• Problem to work on
Using the listing below, print the line containing "The Symbolic Tokyo", the line containing "Uniqlo Grey Shirt", and each line between them, exactly and nothing else. Pictures stay out of the print.

• Recorded information
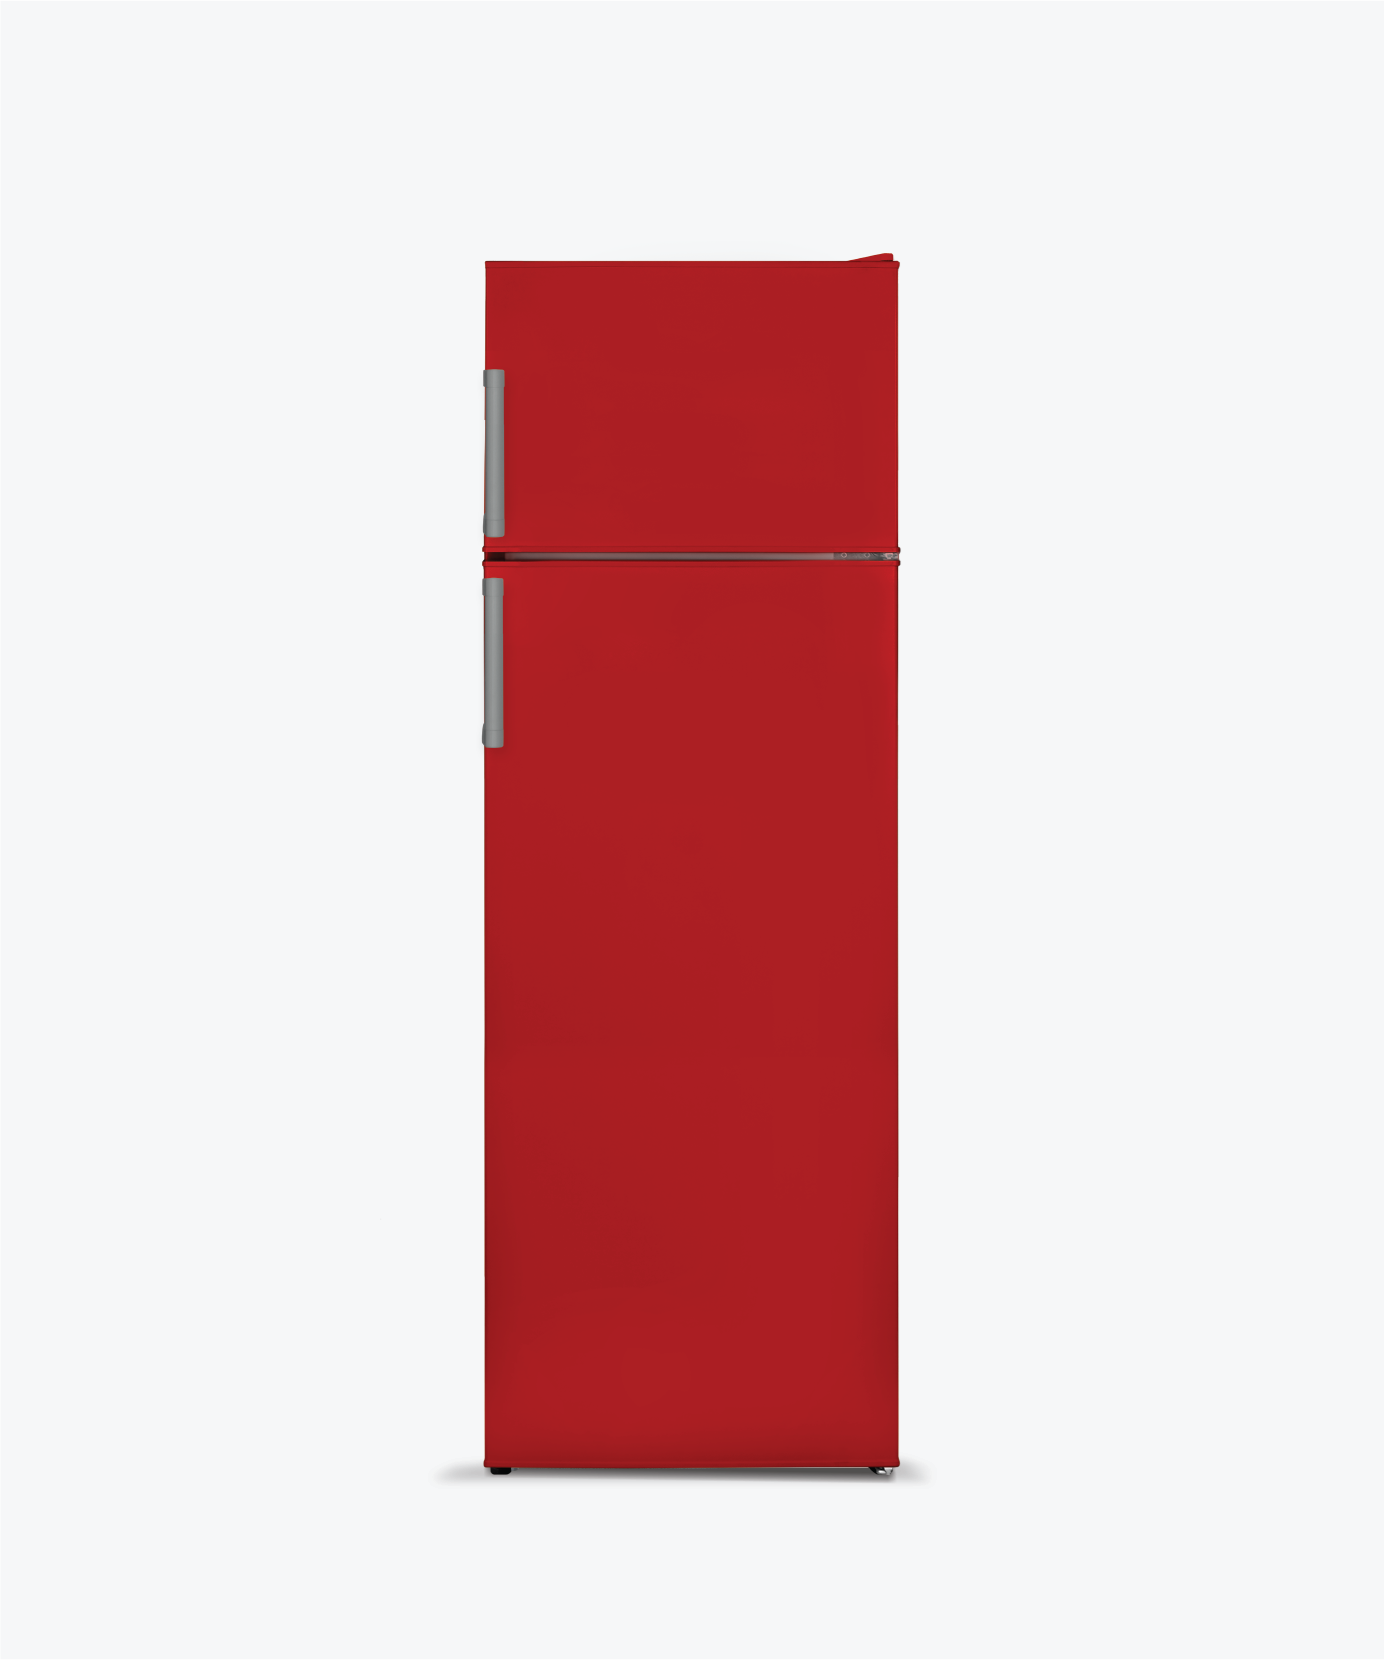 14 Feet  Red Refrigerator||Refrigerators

==

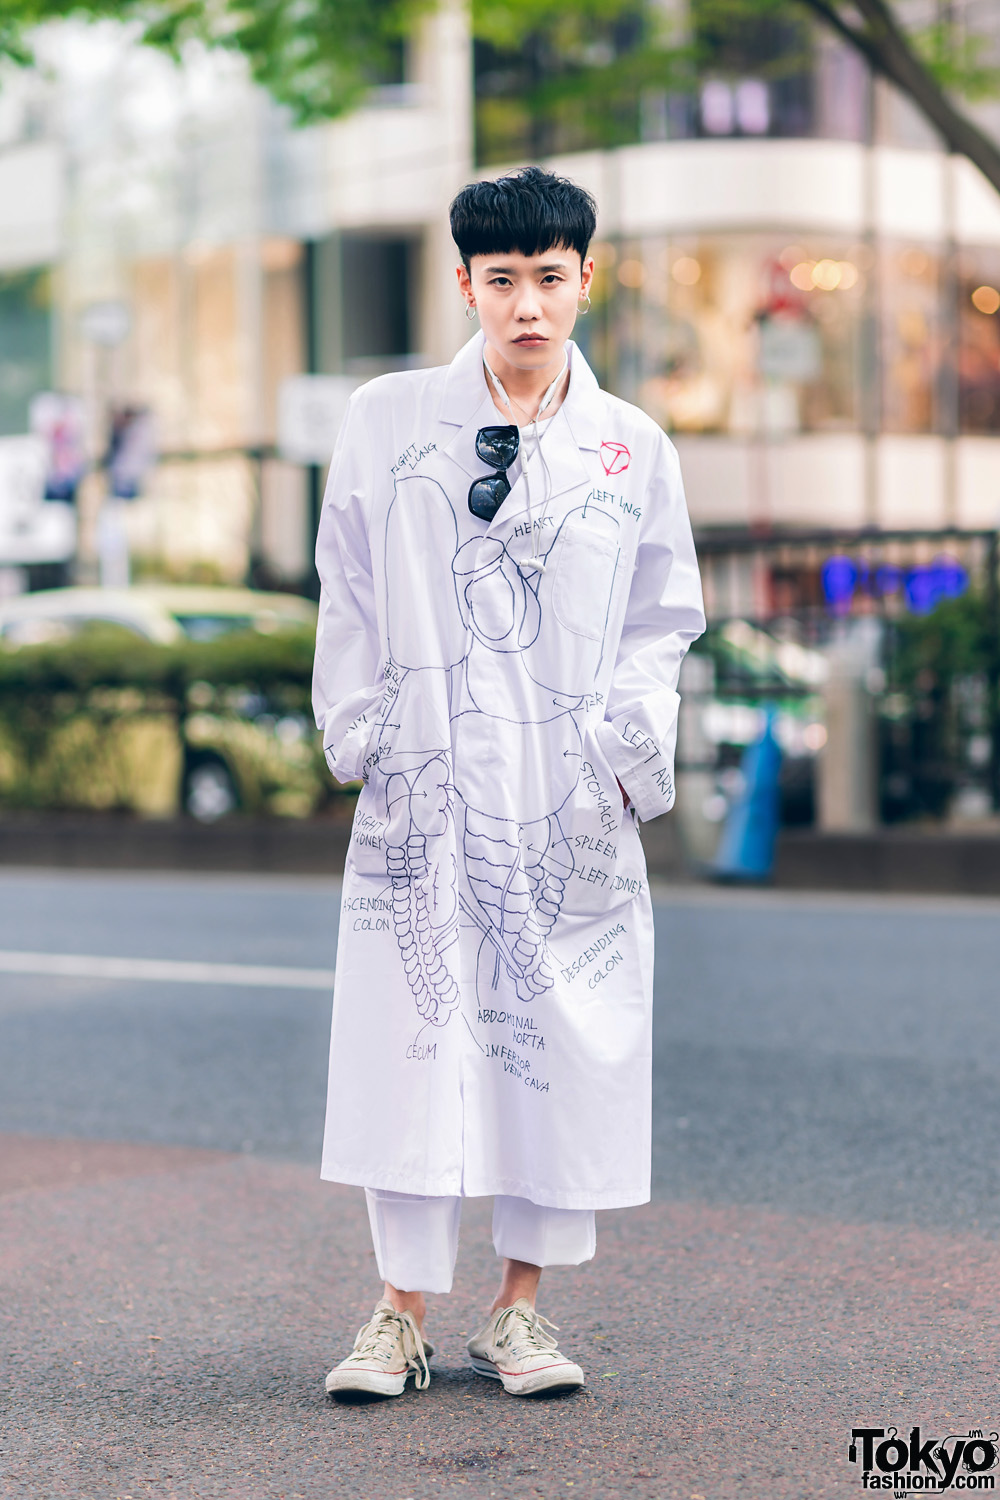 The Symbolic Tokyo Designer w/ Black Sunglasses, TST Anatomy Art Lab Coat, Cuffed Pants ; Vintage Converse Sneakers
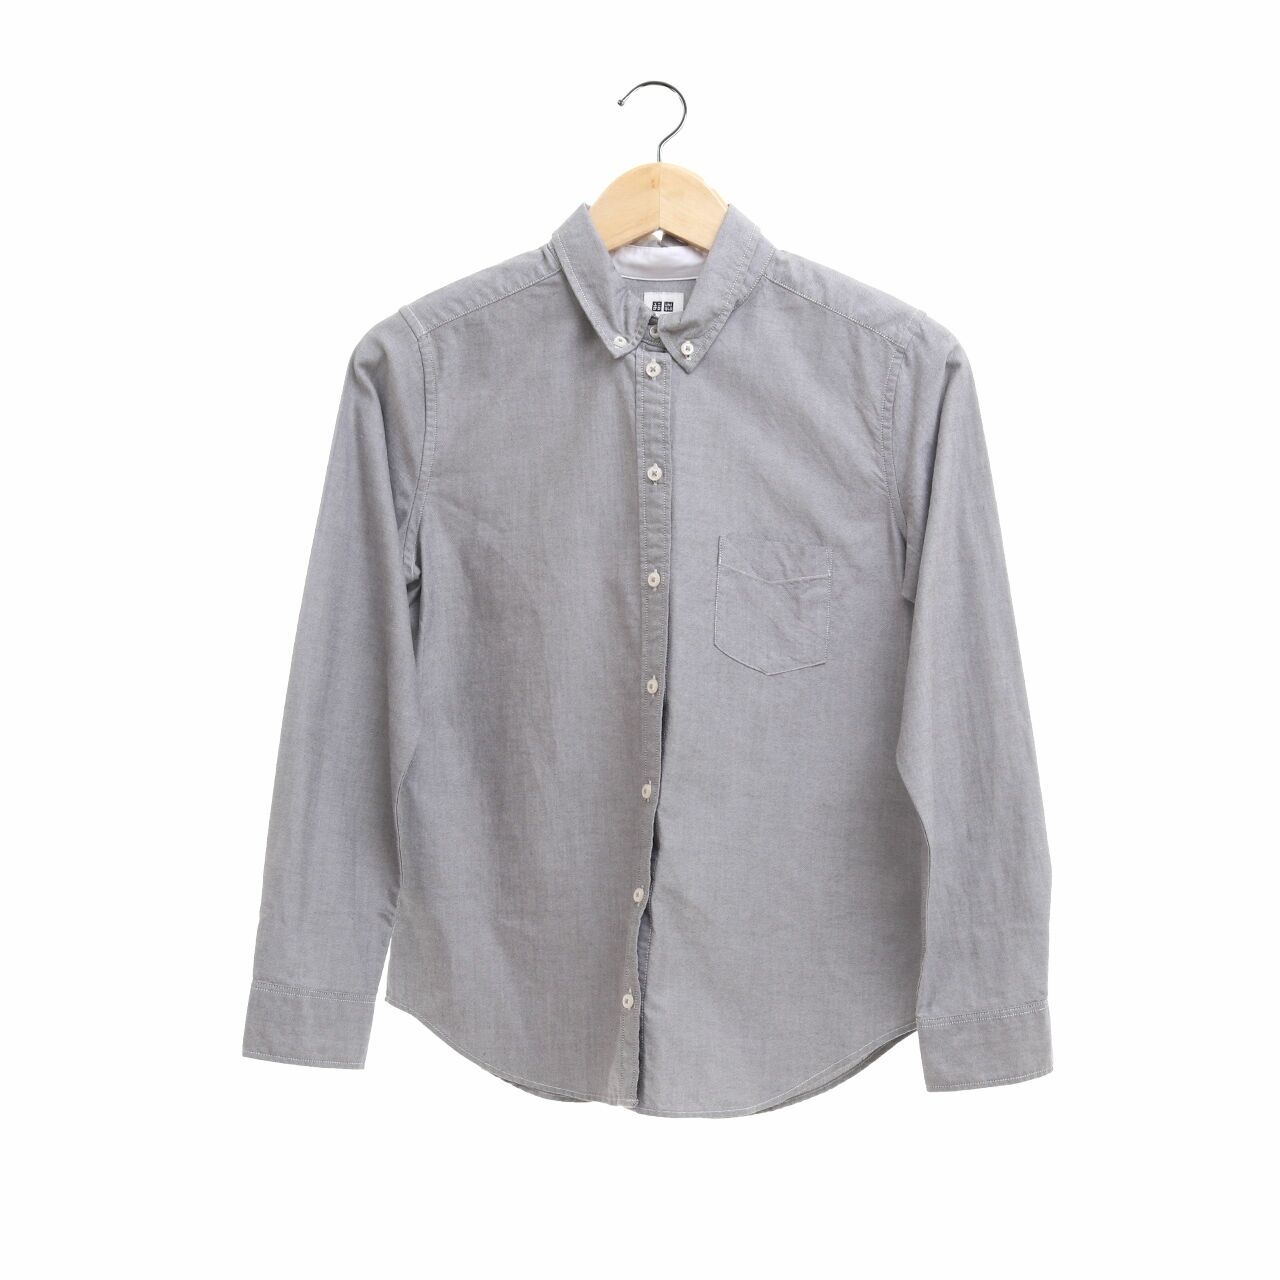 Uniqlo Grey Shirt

• Solved exercise
 The Symbolic Tokyo Designer w/ Black Sunglasses, TST Anatomy Art Lab Coat, Cuffed Pants ; Vintage Converse Sneakers
 Uniqlo Grey Shirt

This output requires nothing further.